The days of revelry have come to end. Travis went back to school today.
Potty training with Lydia is still happening. We're going the pull-up route since she doesn't seem to know when she needs to poop yet - or something like that. She maybe has one wet "accident" a day but I think if I remembered to prompt her more we wouldn't have any wet pull ups.
Any tips out there?
By the time James reaches 5 months he will have his top left front tooth. Yes, little boy blue is teething. He's a little bit crankier than usual, but overall he is by far the easiest teether ever. He might be the most laid back baby I will EVER give birth to.
(please don't let it be the phenobarbitol!)
This Friday will be three months since James was last tubed a feeding. When we get to March 2nd it will three months since we've used it at all. This means that I need to be scheduling a surgery to have it removed.

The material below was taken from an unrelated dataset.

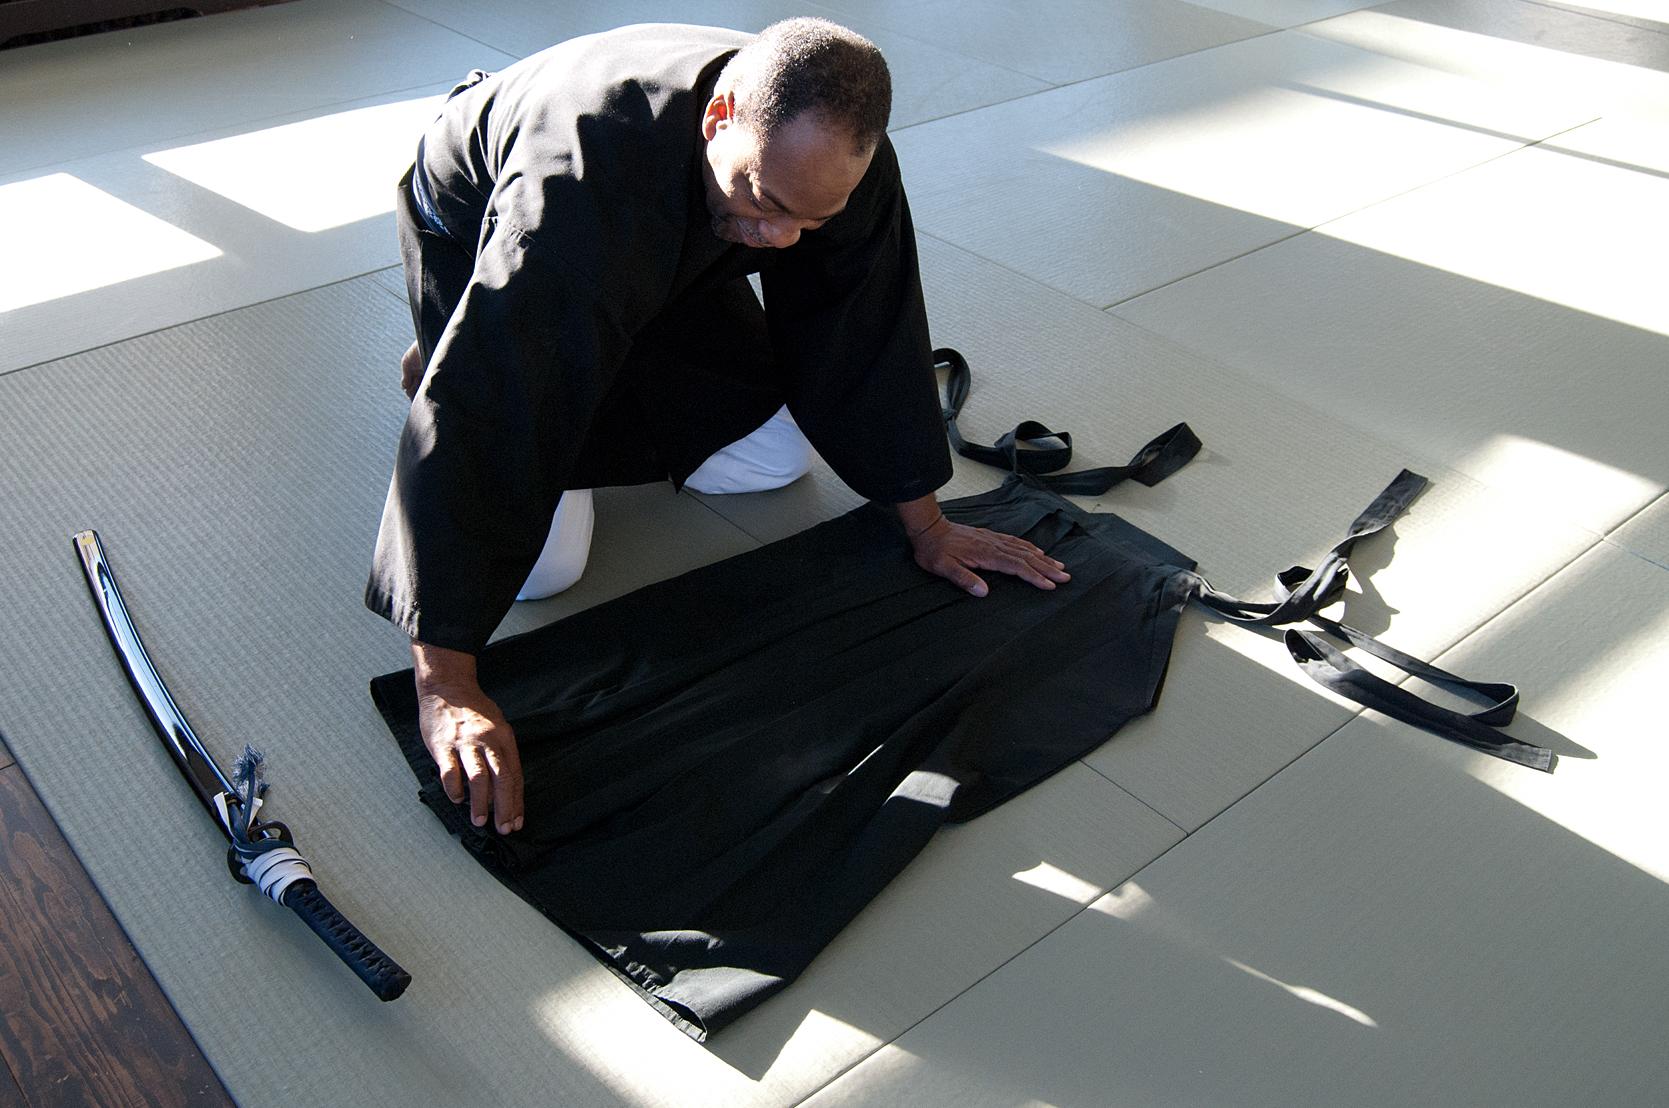 40_swordsmanship_aikido-westchester-ny.jpg

The stupid new state tax is taking $45 out of each paycheck for us. That's a pretty big blow for a family who grocery shops off of $70 a week and puts no money in savings. Maybe what the Illinois congress should have done first is made law that says high school principals in rich suburbs cannot have bigger salaries than the president of the USA. That would have freed up some money.
Bennet is obsessed with the vacuum cleaner. Has anyone else ever seen this in a toddler before? He will cry on the floor in front of the laundry room door (where the vacuum is kept) if I don't bring it out for him. And it's not just our vacuum - both grandmas have had to let him see theirs. Be careful if we come over for a playdate. Hide your Dyson! Conceal your Oreck! Put away your Hoover!
Here's a really great link I found on postpartum depression and postpartum anxiety. When I have searched for stuff before I've only come across websites that talk about not being happy, crying a lot, not having an appetite, and wanting to sleep all day. None of those things fit me at all, yet I've wondered since Lydia's birth if something was wrong or if motherhood just brought out the worst in me and I was stuck this way forever.
So it was actually a huge relief when I heard a woman I greatly respect talk about postpartum anxiety in her life. I thought to myself, "that sounds a little like me." When I googled the term I found Postpartum Progress and realized that I probably am not a borderline horrible mother - I just have issues that can be worked out.